Re: dump/restore corrupted filesystems

2007-04-18 Thread CyberLeo Kitsana
Roland Smith wrote:
 Sorry if I wasn't clear. Most all of the data is readable and complete
 if I mount the filesystem read-only. It just panics the box when mounted
 read/write, and fsck can't fix the damage.
 
 That might be worth filing a PR for, especially the panics. 
 
 Exactly what is damaged?  Garbage in files? Wrong inode counts? I've had
 unclean filesystems because of panics, but nothing fsck_ffs couldn't
 fix.
 
 You might want to check the hardware too. Use smartmontools in case of
 (S)ATA drives.

Smart says that the drives are fine, as does the manufacturer's disk
fitness tools. All the files that are readable contain correct data, but
the files that are corrupt are totally not readable, and cannot even be
removed manually:

--8--
rsync: readlink
/raid/Backup/Pizzabox/2007-02-23/cyberleo/secondlife/linux/SecondLife_i686_1_13_2_15/skins/xui/es
failed: Bad file descriptor (9)
rsync: readlink
/raid/Backup/Pizzabox/2007-02-23/cyberleo/secondlife/linux/SecondLife_i686_1_13_2_15/skins/xui/fr
failed: Bad file descriptor (9)
--8--

fsck_ufs dies after about 30 minutes of grinding with the following:

--8--
** Phase 2 - Check Pathnames
DIRECTORY CORRUPTED  I=93409222  OWNER=1002 MODE=40755
SIZE=512 MTIME=Feb 10 00:49 2007
DIR=?

UNEXPECTED SOFT UPDATE INCONSISTENCY

SALVAGE? no

MISSING '.'  I=93409222  OWNER=1002 MODE=40755
SIZE=512 MTIME=Feb 10 00:49 2007
DIR=?

UNEXPECTED SOFT UPDATE INCONSISTENCY
CANNOT FIX, FIRST ENTRY IN DIRECTORY CONTAINS

UNEXPECTED SOFT UPDATE INCONSISTENCY
fsck_ufs: inoinfo: inumber -1170056596 out of range
--8--

(full output is at
http://home.cyberleo.net/cyberleo/workspace/Zip/Bugs/fbsd-20070320-corr/saba-fsck-raid.txt
)

It's possible this might be a result of the odd interaction between
geom_raid5 and UFS, as discovered in January (
http://www.nabble.com/geom_raid5-livelock--p8304142.html ), but I can't
be sure.


I've already chalked this up to just an unfortunate occurrence, as the
circumstances that caused the corruption in the first place are likely
either long gone or so obscure as to be nearly impossible for me to root
out.

 Looking at /usr/src/sbin/dump/traverse.c, dump traverses the used
 inodes list and all directories. So if any of these is corrupt, your
 dump will be too. And if the contents of the inodes is corrupted, so
 will the dump.

Thanks for this insight. I'll avoid dump/restore and just use manual
copying for now.

--
Fuzzy love,
-CyberLeo
Technical Administrator
CyberLeo.Net Webhosting
http://www.CyberLeo.Net
[EMAIL PROTECTED]

Furry Peace! - http://www.fur.com/peace/
___
freebsd-questions@freebsd.org mailing list
http://lists.freebsd.org/mailman/listinfo/freebsd-questions
To unsubscribe, send any mail to [EMAIL PROTECTED]

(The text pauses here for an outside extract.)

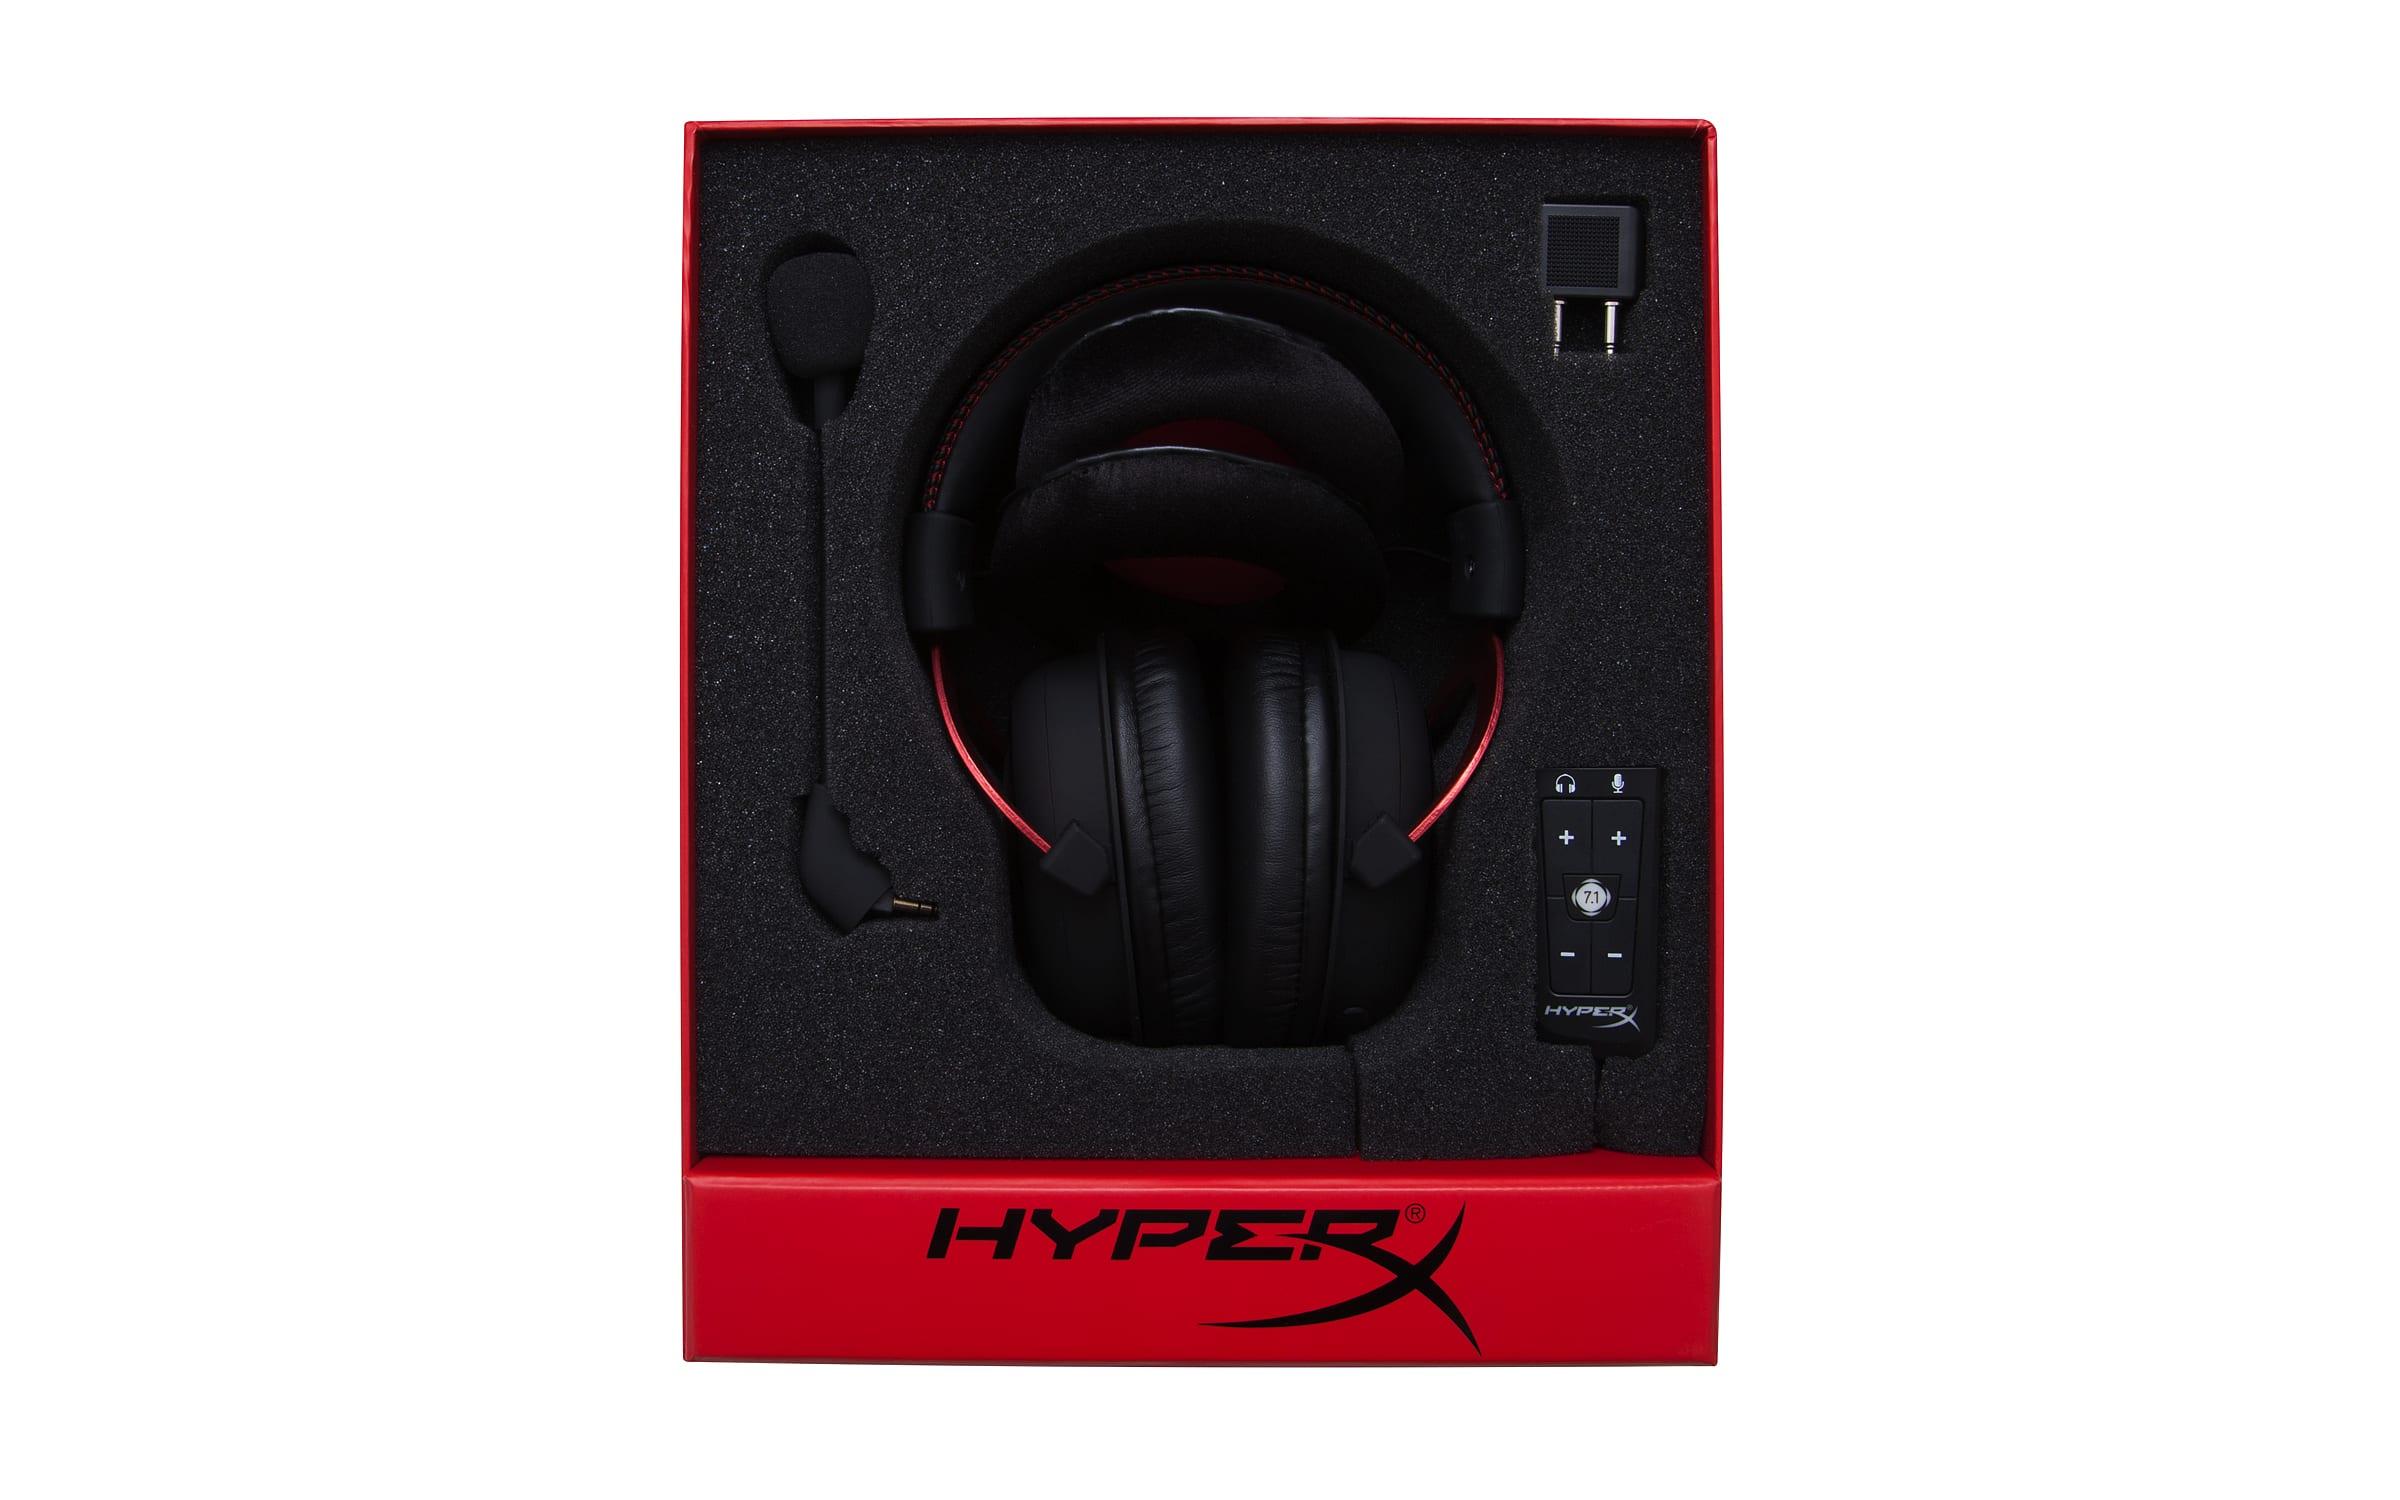 50491daafd7 Buy HyperX Cloud II Pro Gaming Headset (Black/Red) | GAME
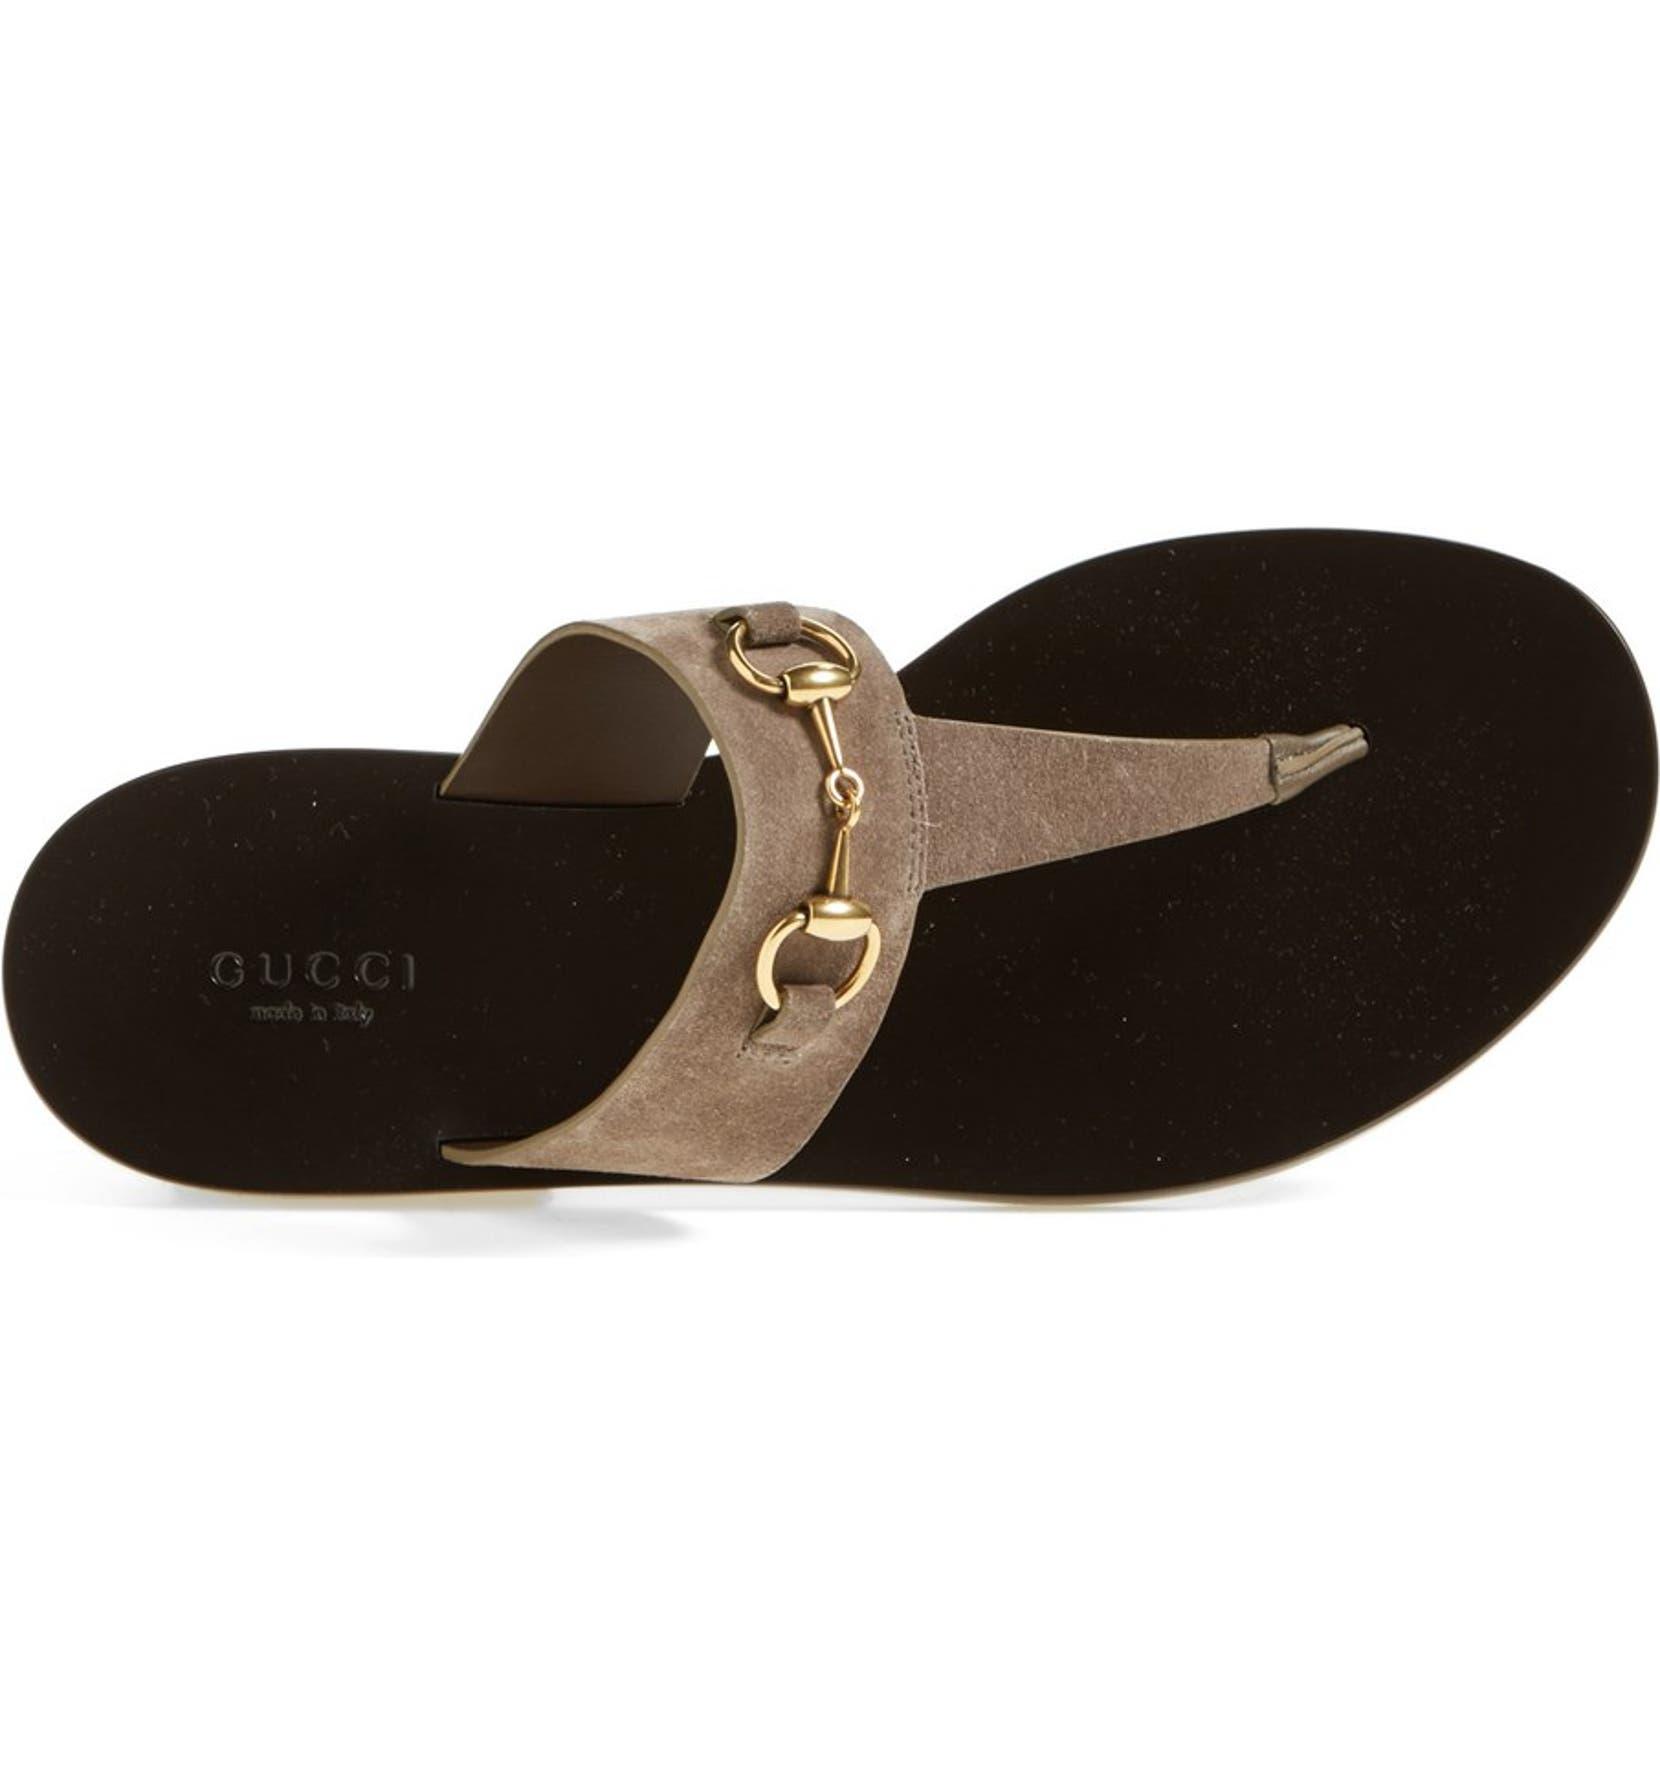 bfa6620bb03cce Gucci  Marcy  Bit Thong Sandal

Re: dump/restore corrupted filesystems

2007-04-18 Thread Jerry McAllister
On Wed, Apr 18, 2007 at 04:09:22PM -0500, CyberLeo Kitsana wrote:

 Roland Smith wrote:
  Sorry if I wasn't clear. Most all of the data is readable and complete
  if I mount the filesystem read-only. It just panics the box when mounted
  read/write, and fsck can't fix the damage.
  
  That might be worth filing a PR for, especially the panics. 
  
  Exactly what is damaged?  Garbage in files? Wrong inode counts? I've had
  unclean filesystems because of panics, but nothing fsck_ffs couldn't
  fix.
  
  You might want to check the hardware too. Use smartmontools in case of
  (S)ATA drives.
 
 Smart says that the drives are fine, as does the manufacturer's disk
 fitness tools. All the files that are readable contain correct data, but
 the files that are corrupt are totally not readable, and cannot even be
 removed manually:

Given that, I would try to make a dump(8) of it.   If dump dies on
a particular file, try to exclude that file from the dump either by
rm-ing it or setting a nodump flag and try again.   You may not 
actually be able to do the rm or nodump flag though if you cannot
mount it with write permission.   You might be able to force it 
mounted without doing the fsck in single user.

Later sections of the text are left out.